- [SOURCE MATERIAL]:
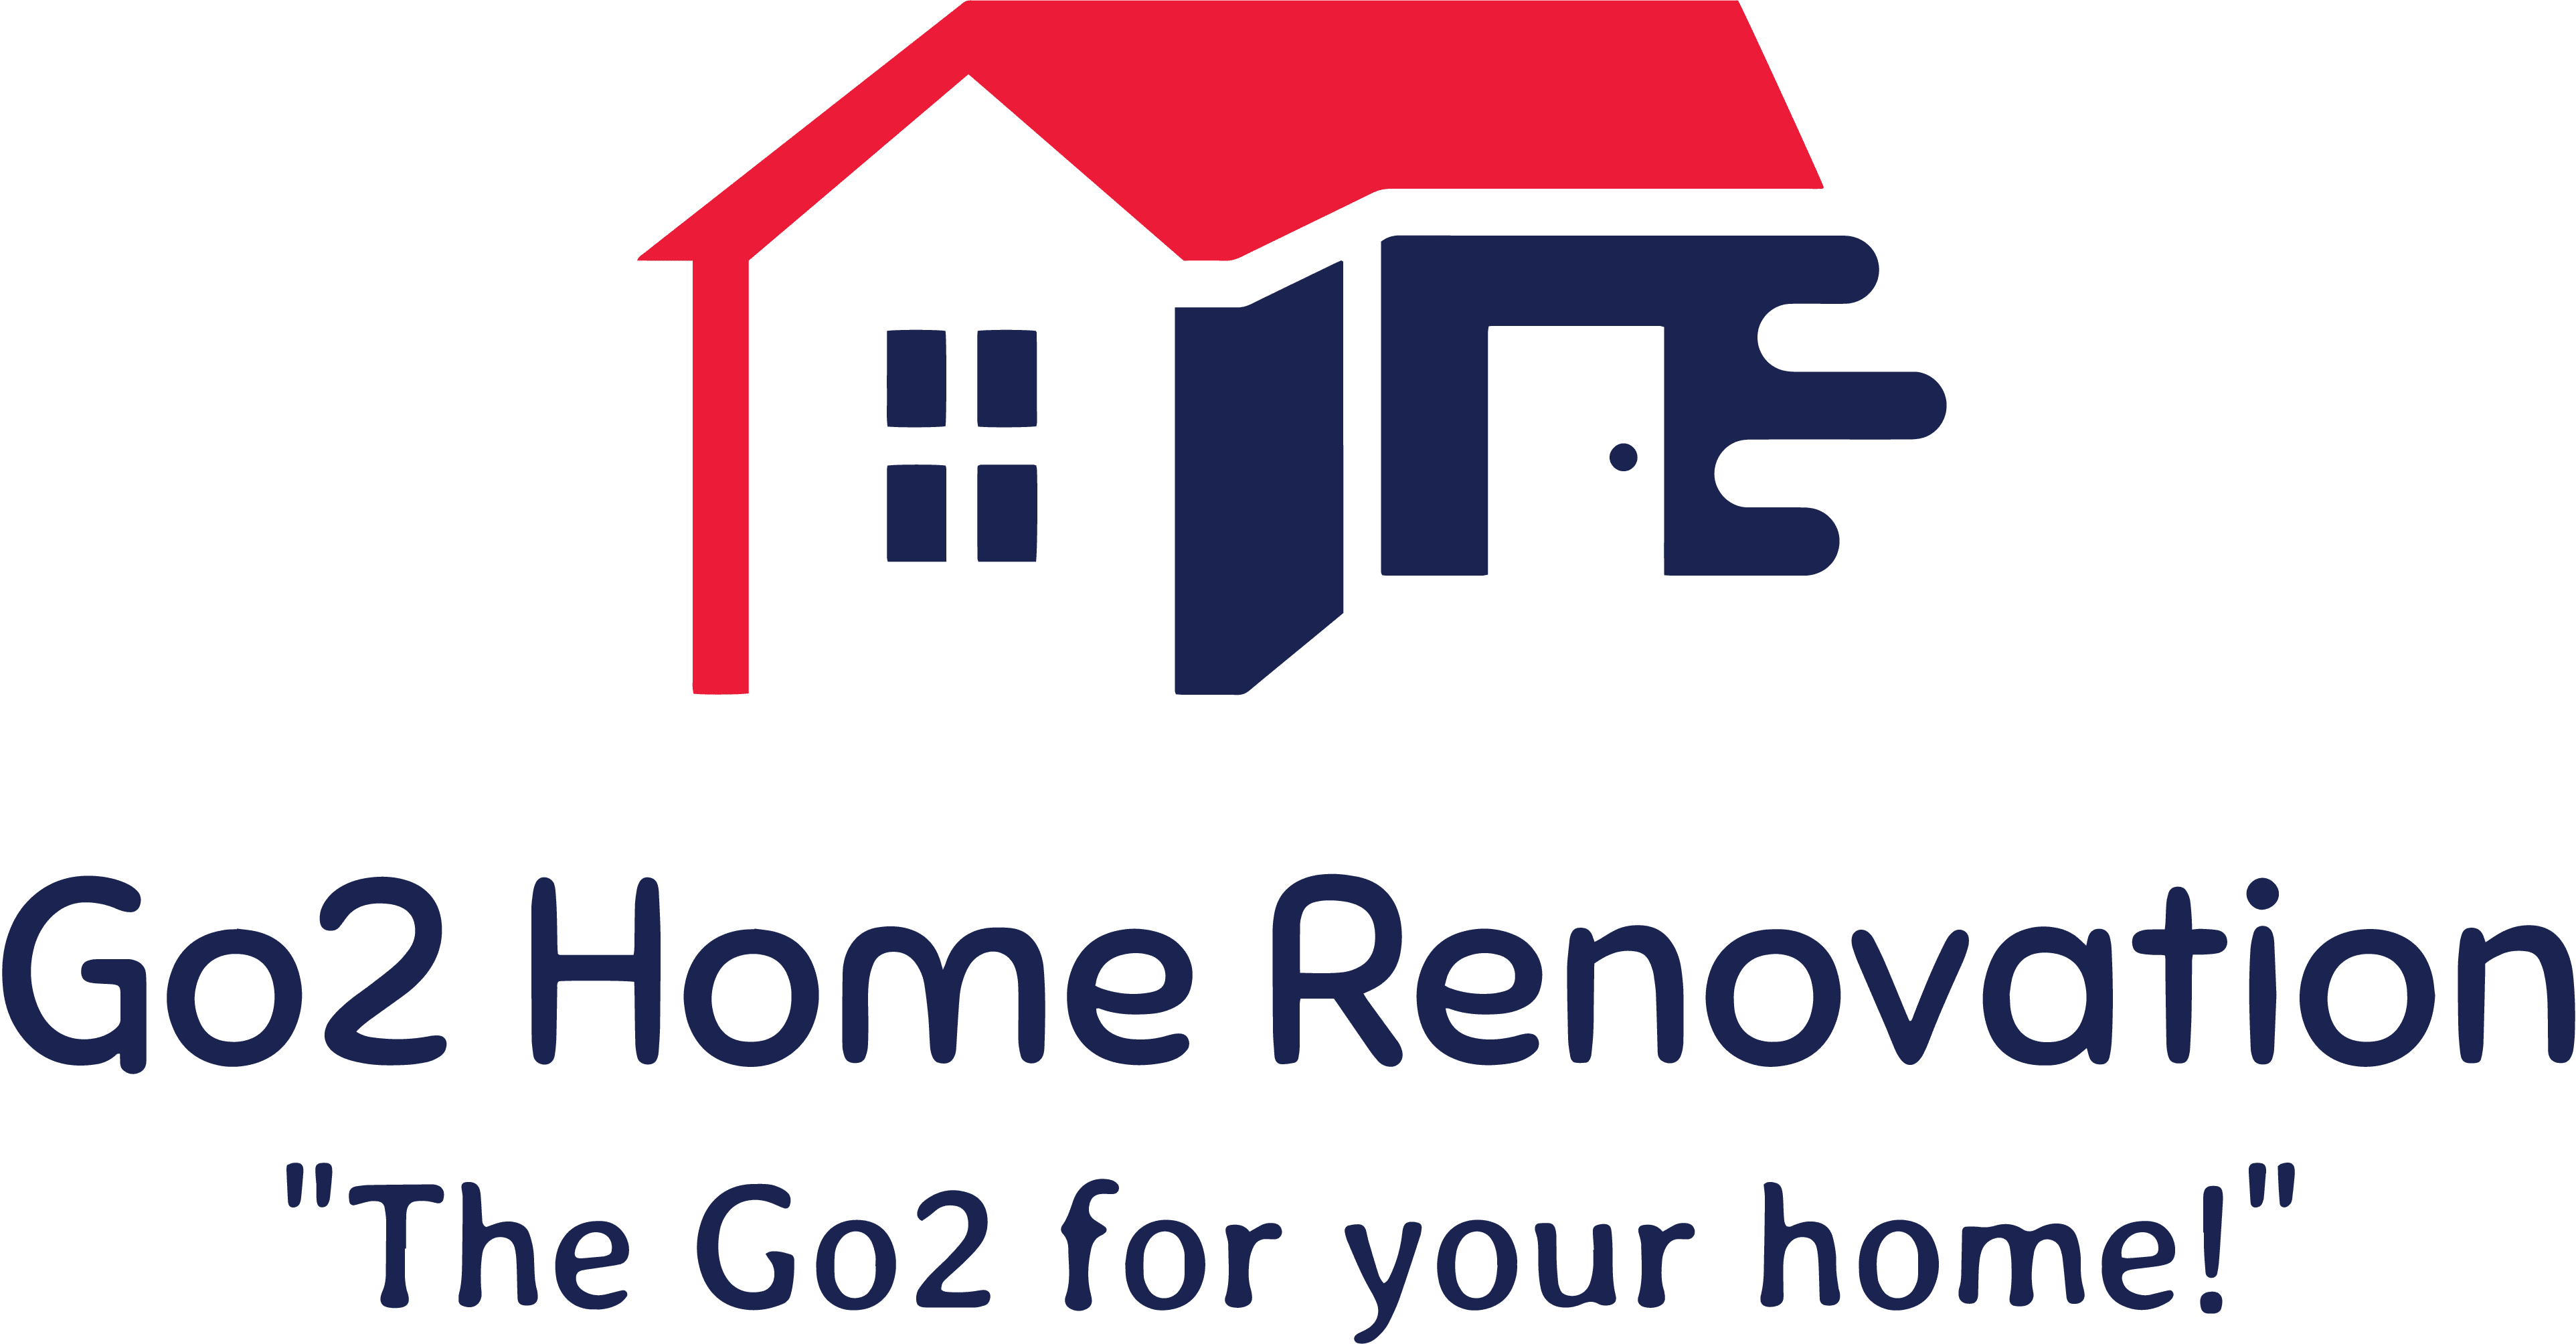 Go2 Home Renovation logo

---

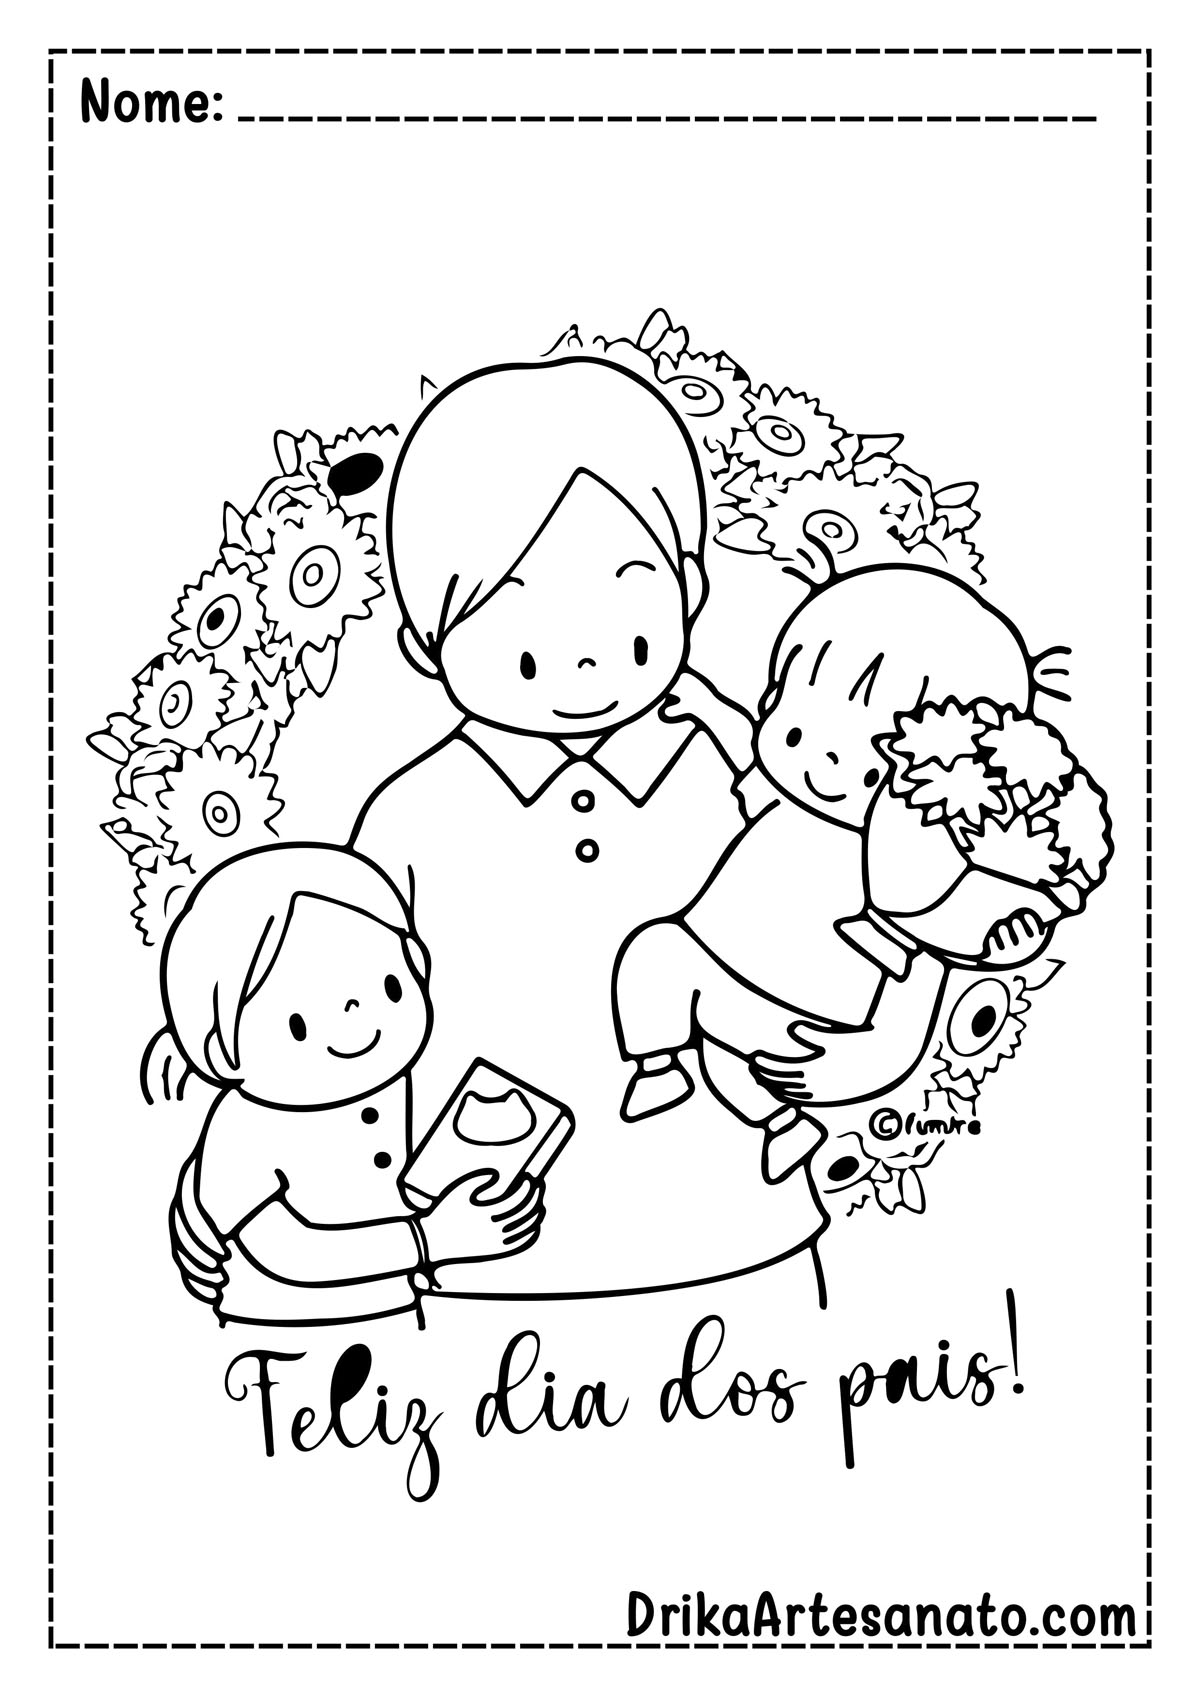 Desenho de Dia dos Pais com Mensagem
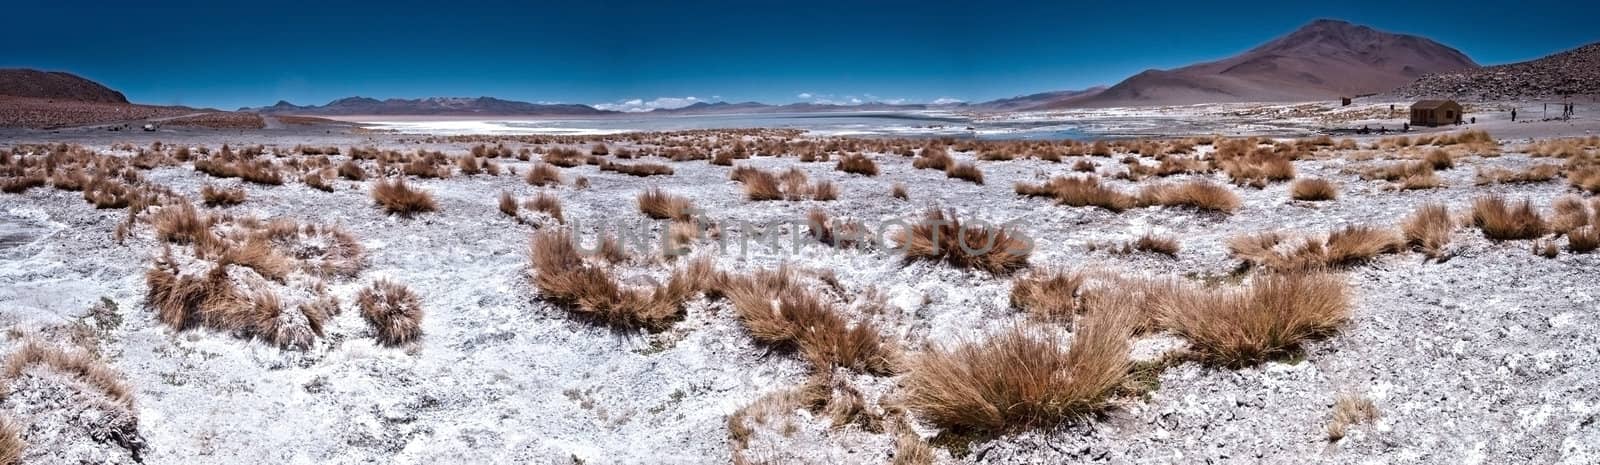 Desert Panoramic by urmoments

- [EXERCISE AIM]: Set down exactly the lines above, from the line containing "Desenho de Dia dos Pais com Mensagem" through the line containing "Desert Panoramic by urmoments". Skip the pictures.

- [WRITTEN REPLY]:
 Desenho de Dia dos Pais com Mensagem
 Desert Panoramic by urmoments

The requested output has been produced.